▶ **THE TASK**:
Each line from the one with "River view of" through the final line of the entries below must be printed exactly, and the pictures must not be.

Source data:
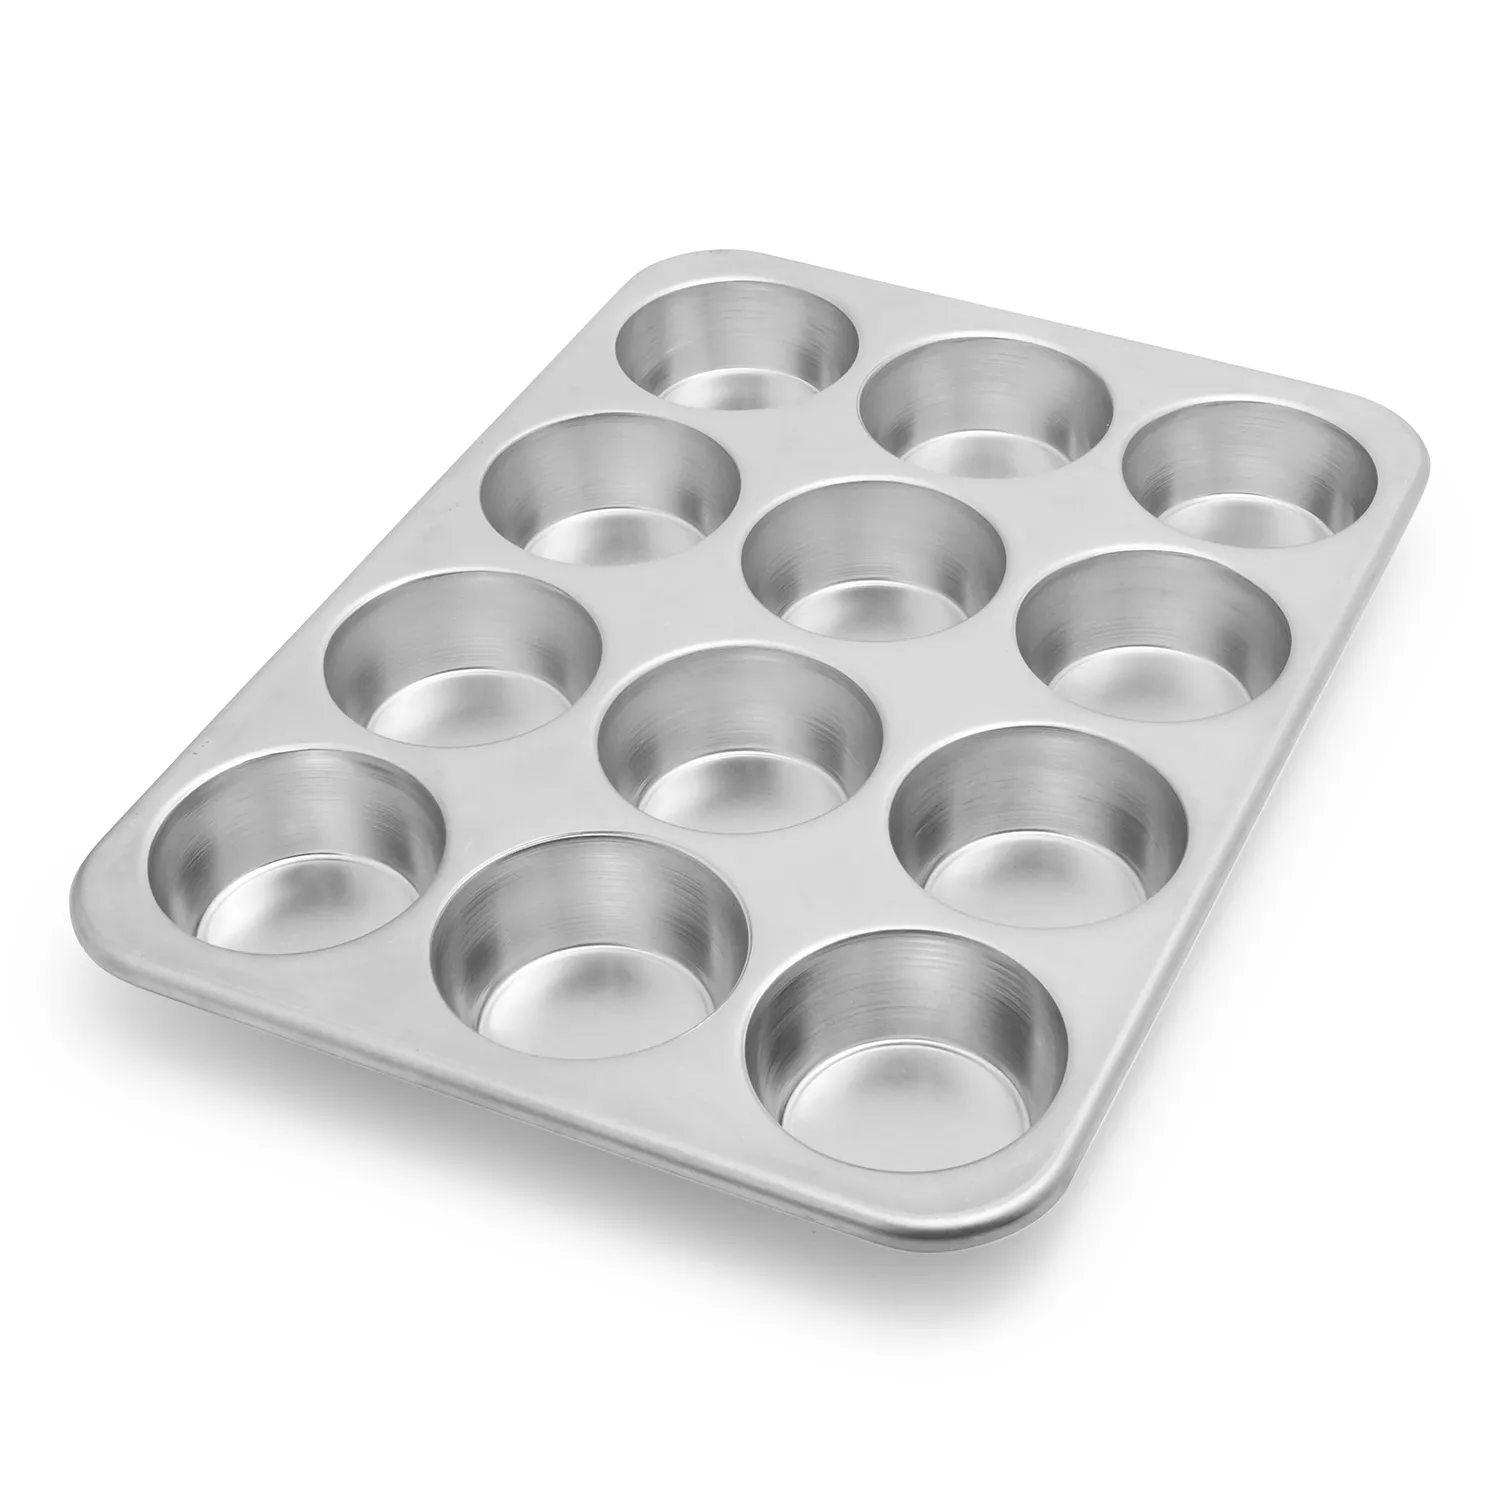 NORDIC WARE 12 CUP MUFFIN PAN WITH LID
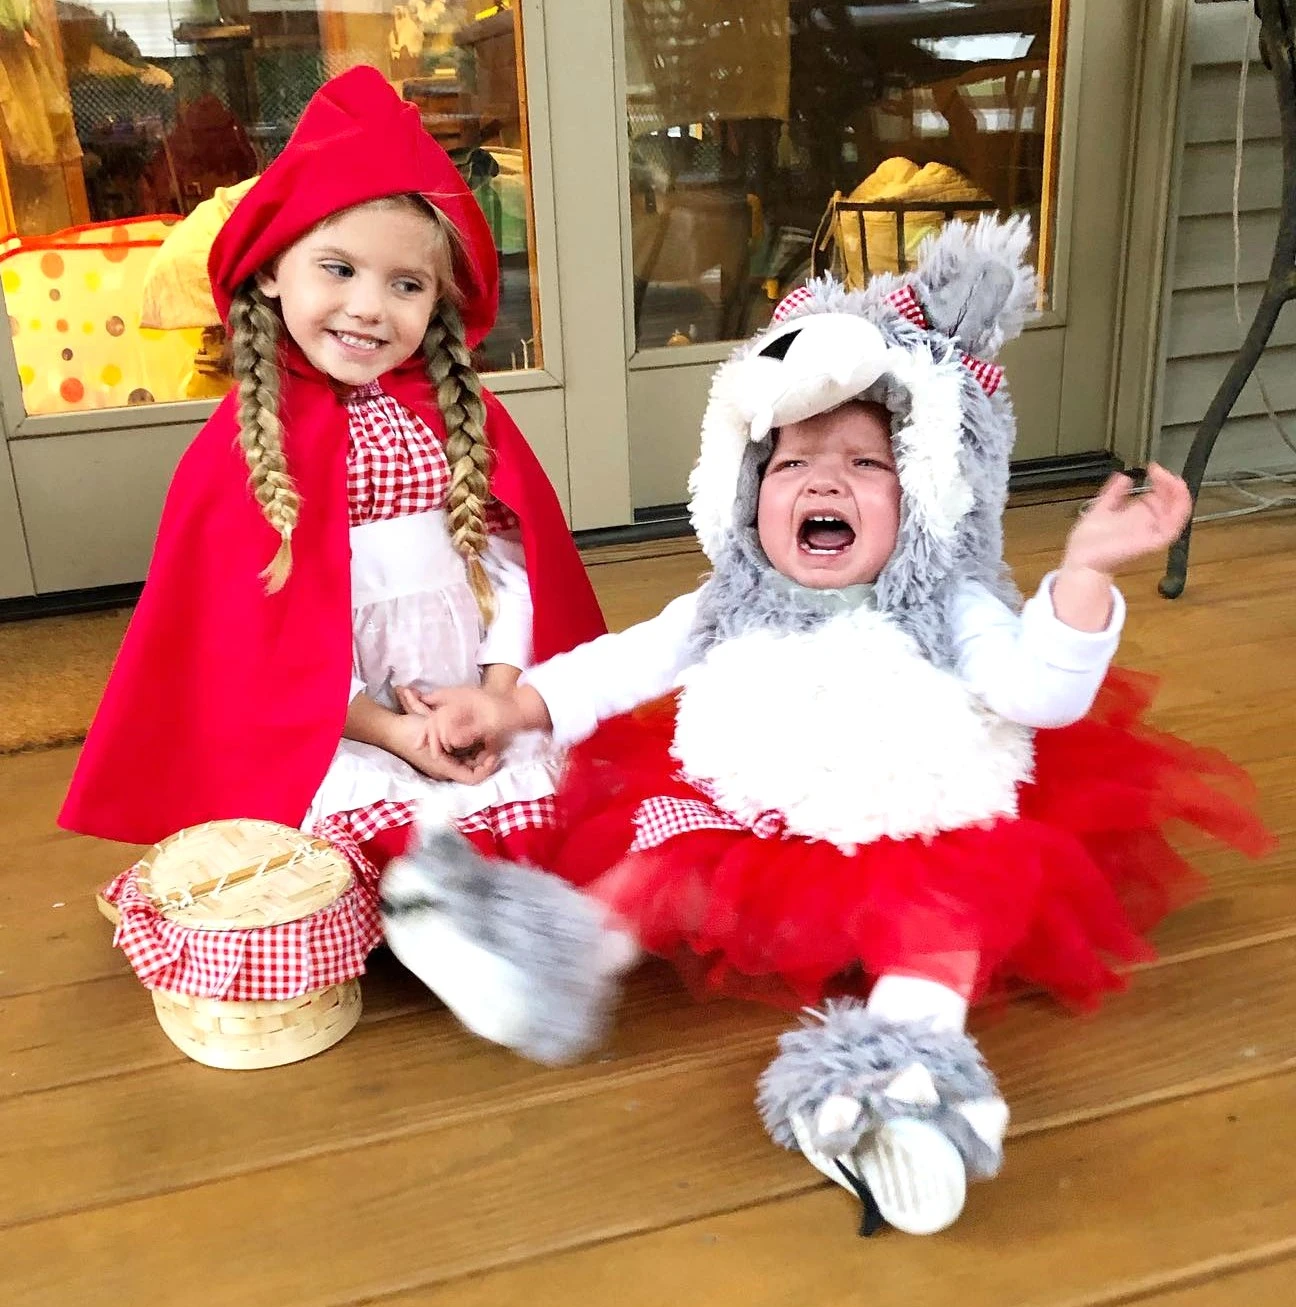 sibling Halloween costumes Red Riding Hood and Big Bad Wolf
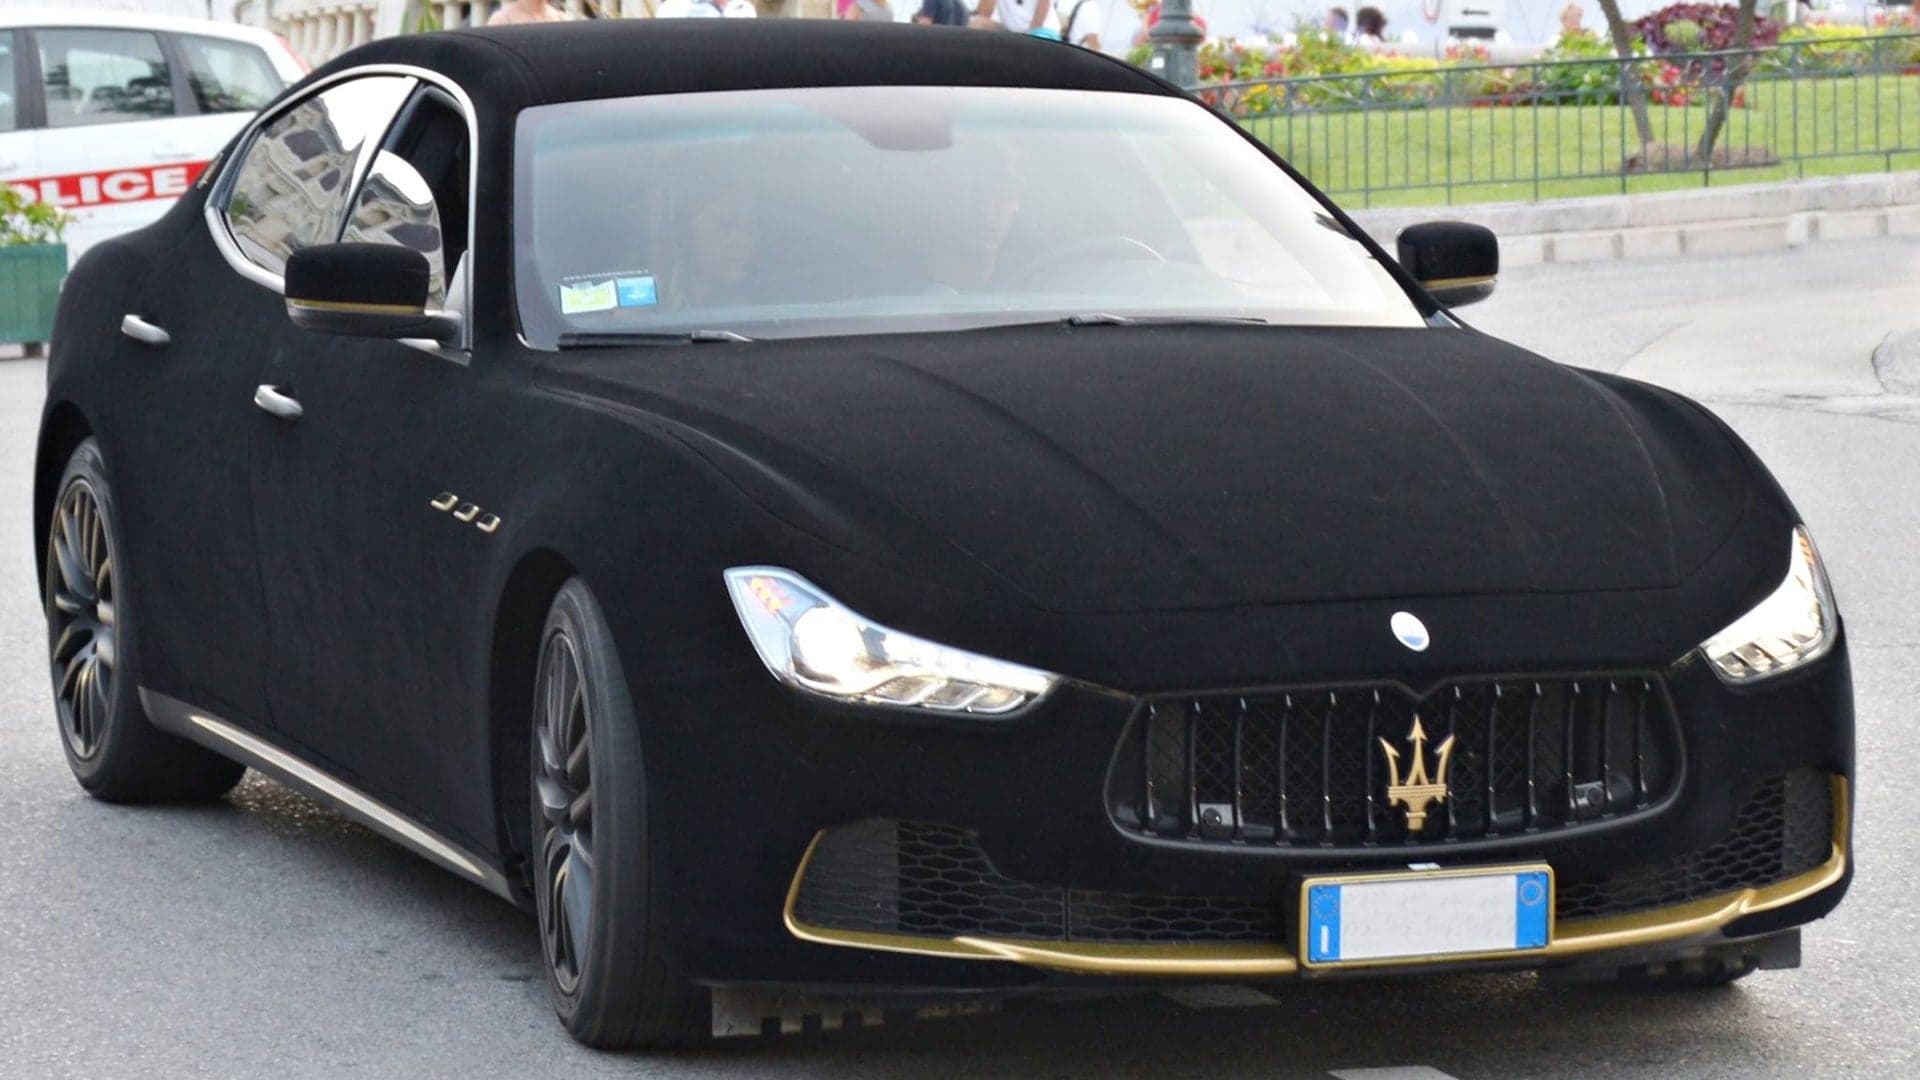 Someone Wrapped a Maserati Ghibli in Velvet and Nothing Makes Sense Anymore
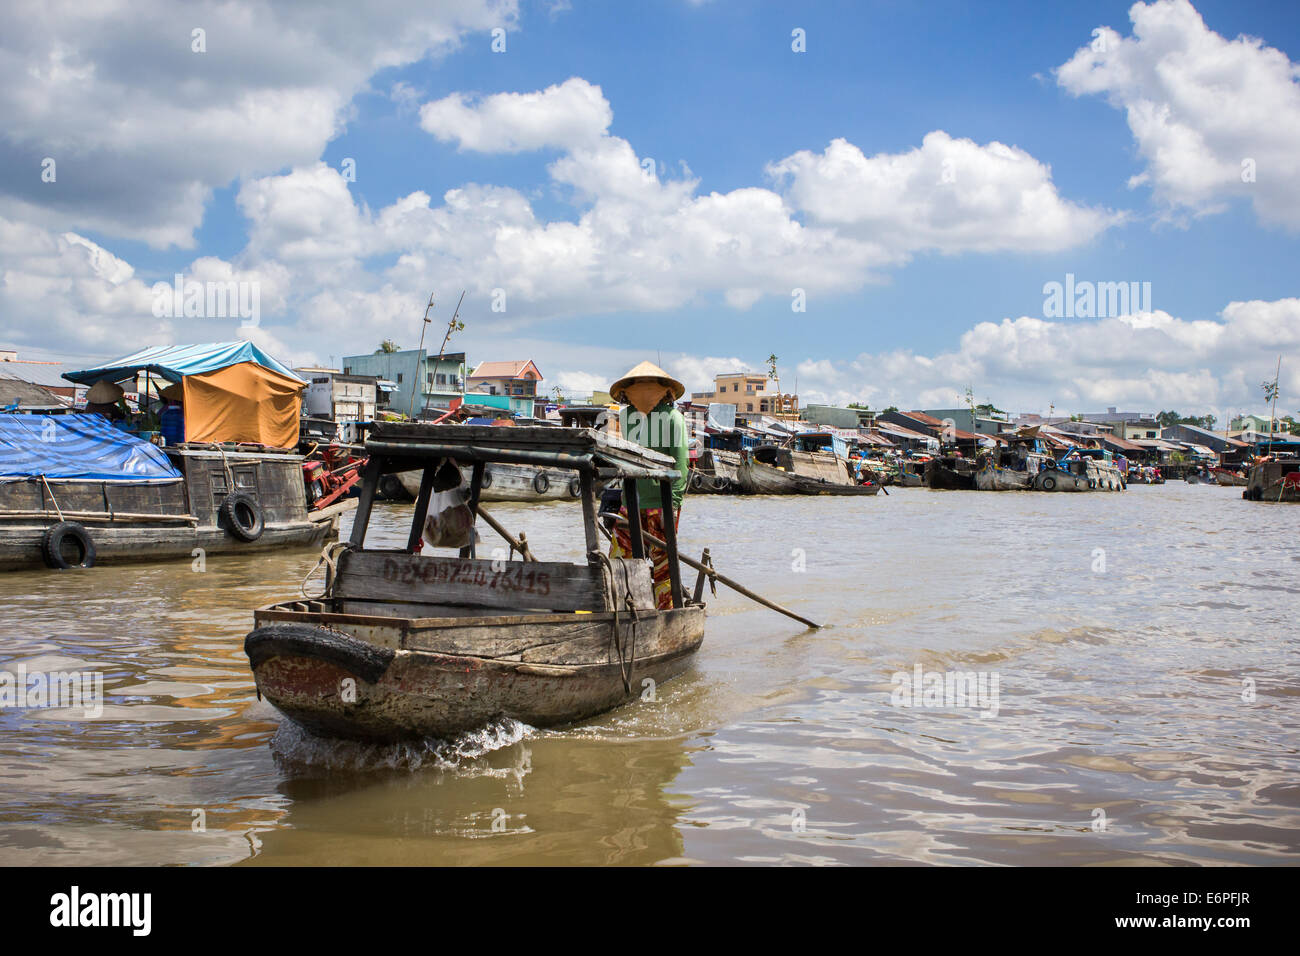 River view of Cai Rang Floating Market, near Can Tho, Mekong Delta, south Vietnam. early in the morning under a cloudy sky. Stock Photo
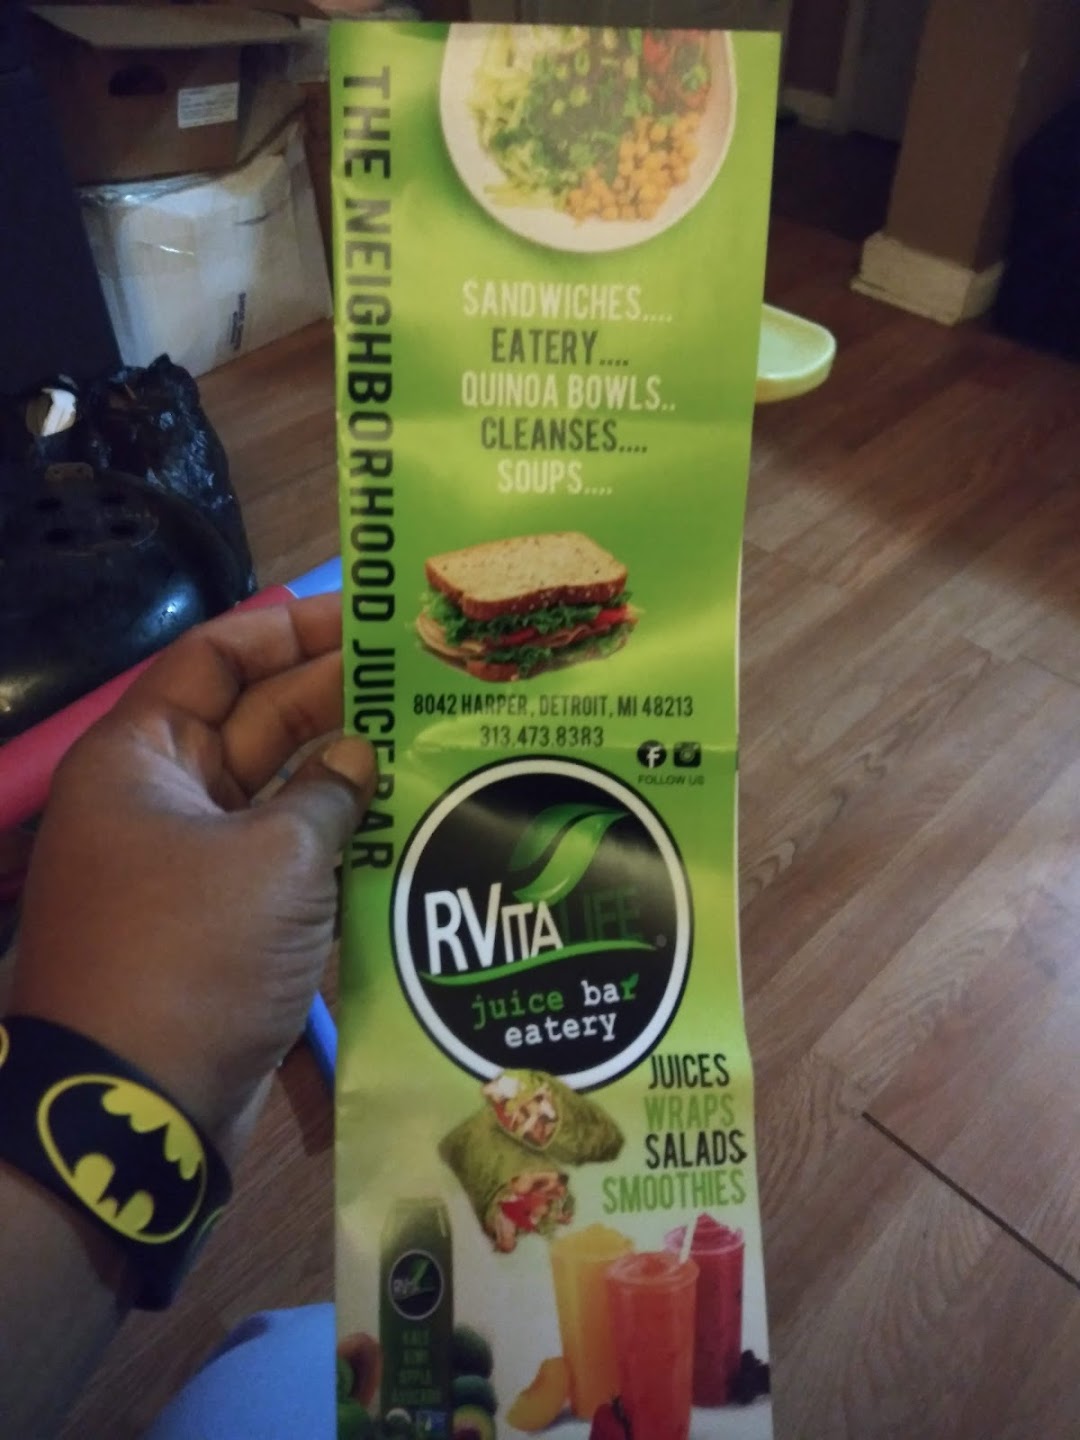 Revita juice bar and eatery

▶ **ANSWER BOX**:
 River view of Cai Rang Floating Market, near Can Tho, Mekong Delta, south Vietnam. early in the morning under a cloudy sky. Stock Photo
 Revita juice bar and eatery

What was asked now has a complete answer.